Die Aurikel – Frühlingsschmuck der Kalkfelsen «… aus den fleischigen Blattrosetten erhob sich die graziöse Blütendolde mit ihren mehlbestäubten Blütenkelchen. Die großen, mattgelben Blütenkronen mit dem weißen Auge strahlten eine solche Frische und Reinheit aus, dass mir das Pflücken dieser vollkommenen Blume wie ein Frevel vorgekommen wäre …» So anschaulich und poetisch beschreibt der Neuenburger Botaniker Claude Favarger die Begegnung mit einer Primel der ganz besonderen Art: der Felsen-Aurikel (Primula auricula). Die Aurikel blüht von April bis Mai auf Kalkfelsen zwischen 1600 und 2900 Meter über Meer. Wegen ihrer hübsch gelb gefärbten Blüten wird sie auch «Frühlingsschmuck der Kalkfelsen» genannt. Bei uns ist sie aber eher unter den Namen Flühblume, Florblüemli, Alphändscheli, Steischlüsseli und Bärgschlüsseli bekannt. Eine Primel nicht wie die andern Auch wenn das Hauptverbreitungsgebiet der Gattung die Gebirge des Himalayas sind, so gibt es im ganzen Alpenbogen ebenfalls eine große Anzahl von Primelarten. In der Schweiz sind vor allem die beiden Schlüsselblumenarten FrühlingsSchlüsselblume (Primula veris) und Wald-

Die Aurikel wächst in den Kalkalpen.

Schlüsselblume (Primula elatior) weit verbreitet.
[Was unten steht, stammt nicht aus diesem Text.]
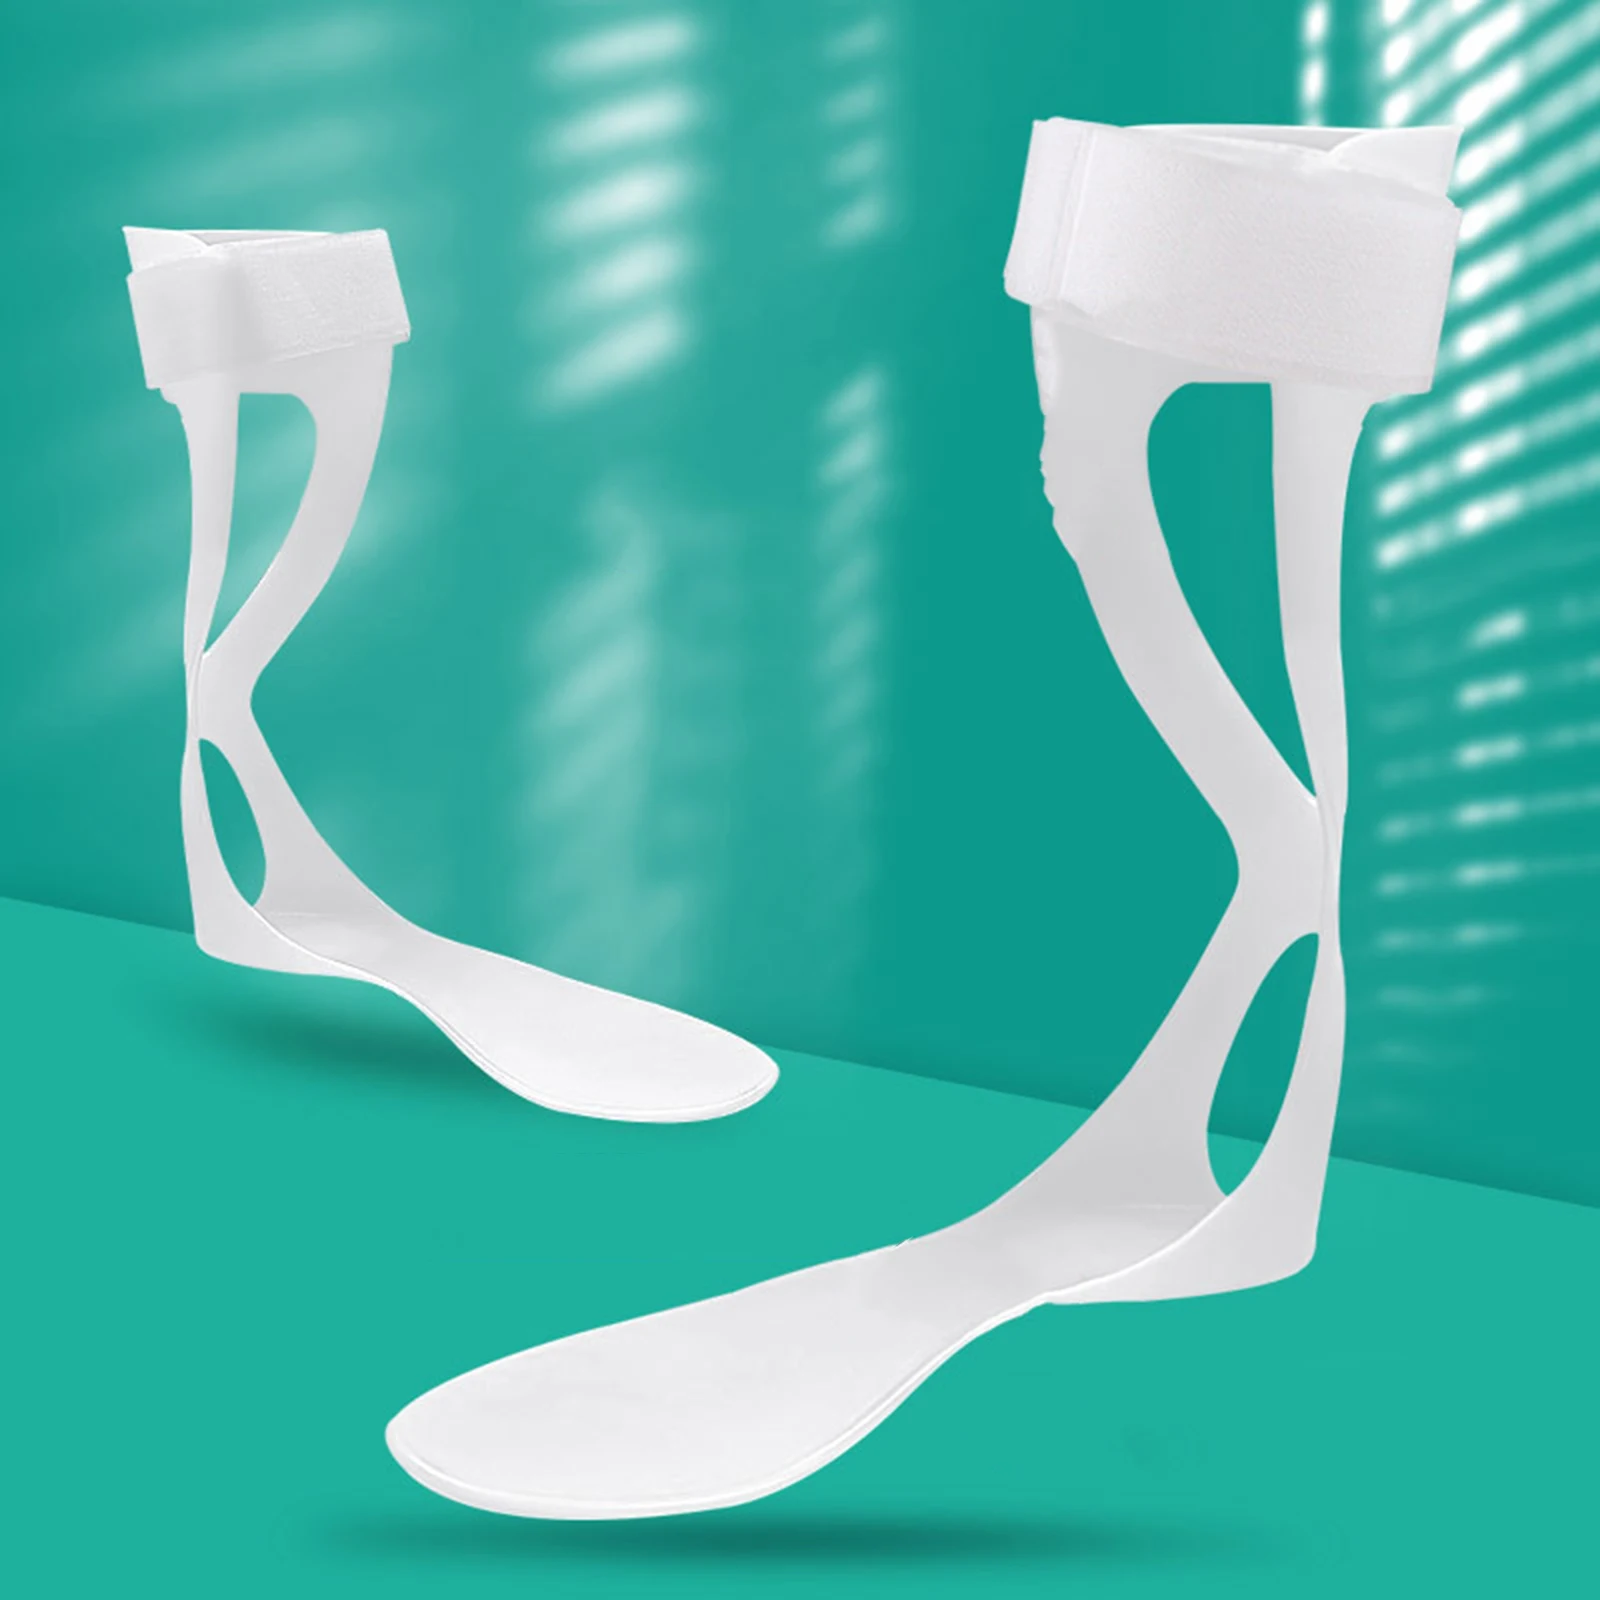 Ankelfot ortos drop fotstabilisator ankel stöd rätare fot droppe stag fot droppe ortos för vuxna stroke sen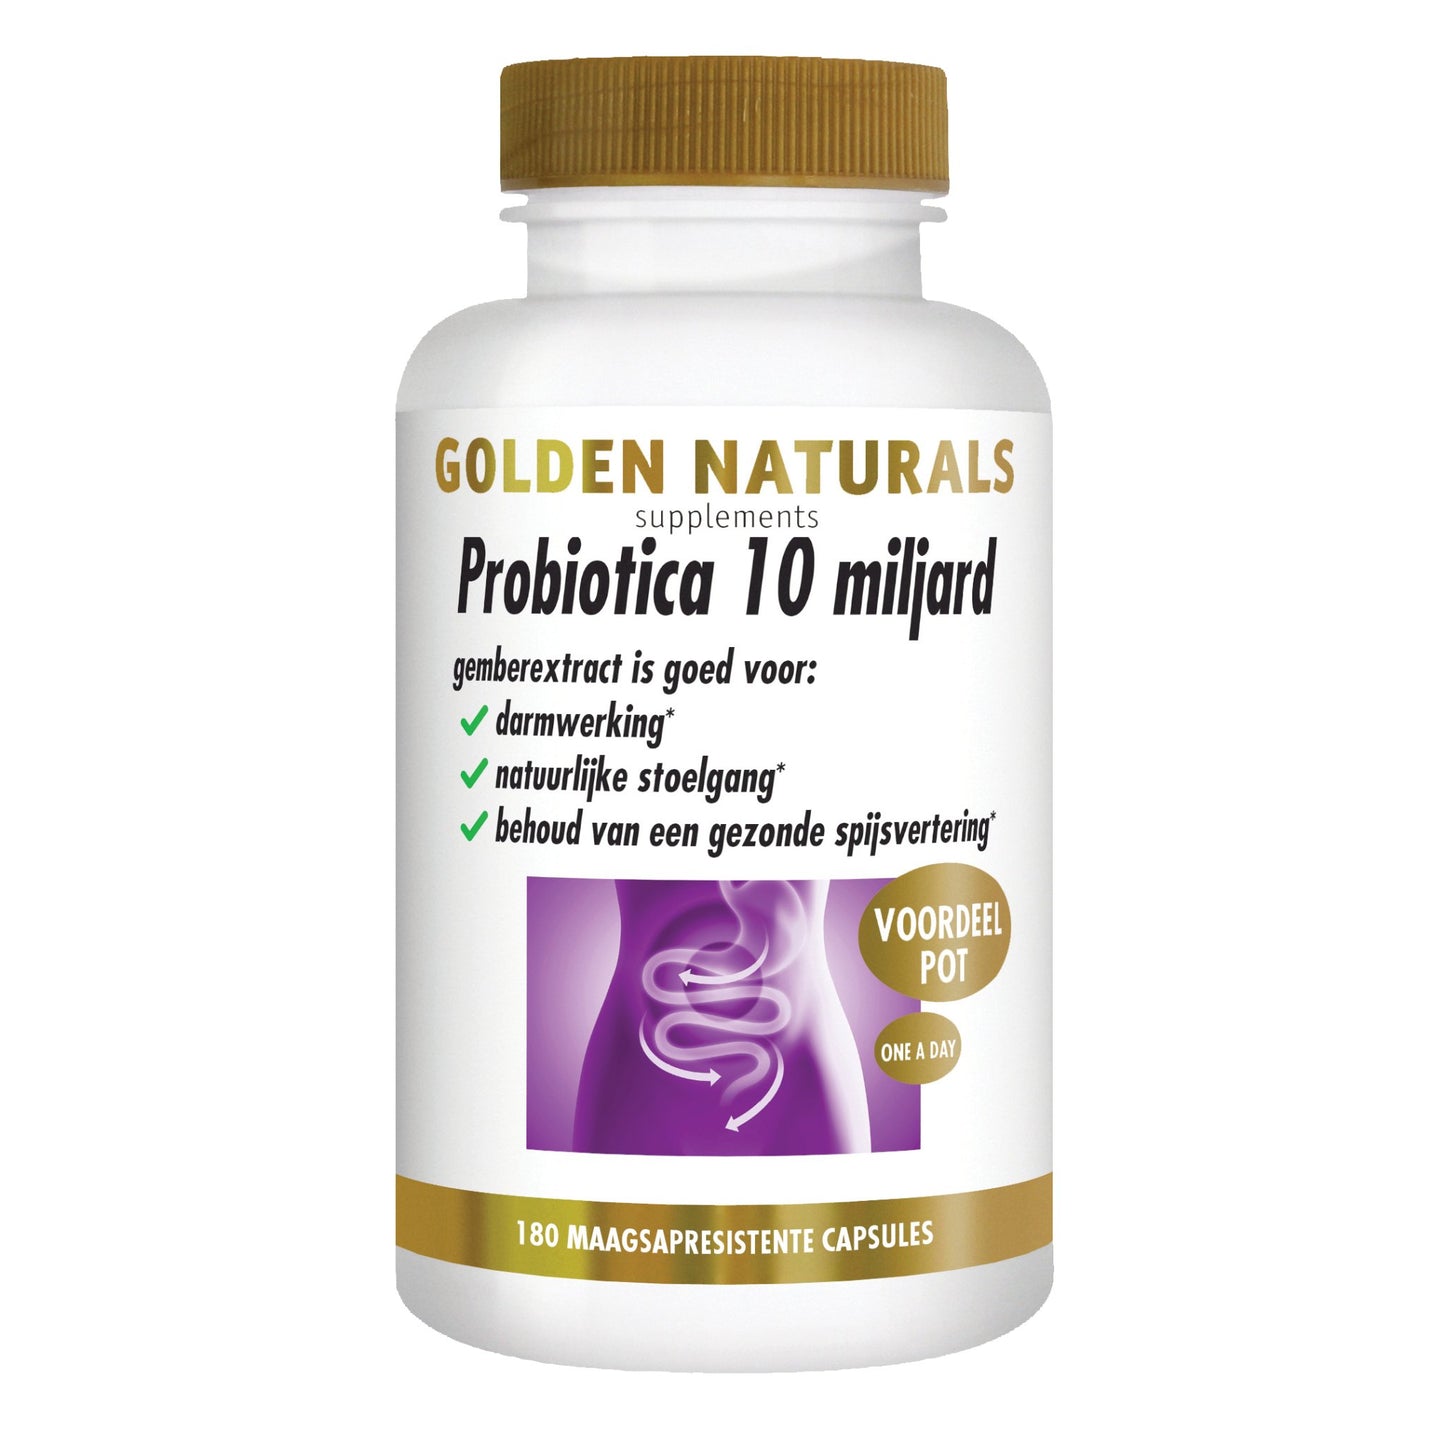 Probiotica 10 miljard - 180 - veganistische maagsapresistente capsules Supplement Golden Naturals

Aurikel lassen sich einfach von Schlüsselblumen unterscheiden: Ihre Blätter sind viel dicker und fleischiger; zudem sind Kelchblätter, Stängel und Blätter von einer mehligen Schicht überzogen. Diese Unterschiede sind nicht zufällig. Es sind Eigenschaften, die es den Aurikeln erlauben, sich in den rauen klimatischen Verhältnissen der alpinen Kalkfelsen zu behaupten. Die fleischigen Blätter dienen als Wasserspeicher und die mehlige Schicht trägt zum Schutz vor schädlichen UV-Strahlen bei. Lange und derbe Wurzeln verankern die Aurikel in den Felsspalten und ermöglichen es der Pflanze, aus dem kargen Boden genügend Wasser und Nährstoffe aufzunehmen. Der Wurzelstock speichert Nähr- und Betriebsstoffe während des Winters. Die Aurikel überwintert mit einer grünen Knospe, deren Blätter schon im Herbst ansehnlich entwickelt sind und lose aufeinander liegen. Dies ermöglicht es der Pflanze, in den ersten warmen Frühlingstagen zu blühen. Pflücken: ein Frevel Die Aurikel findet man im Kanton Bern eher selten. Aus diesem Grund sind sie hier auch geschützt. Doch nicht nur das Gesetz, sondern auch der Anstand verbietet es uns, die Pflanzen, die da so munter blühen, von den Kalkfelsen zu pflücken. Wen die poetische Beschreibung von Claude Favarger jedoch neugierig gemacht hat, der kann die blühende Aurikel im Alpinum sehen, wo sie mit ihren leuchtend gelben Blütenköpfen die Herzen der Besuchenden höher schlagen lässt.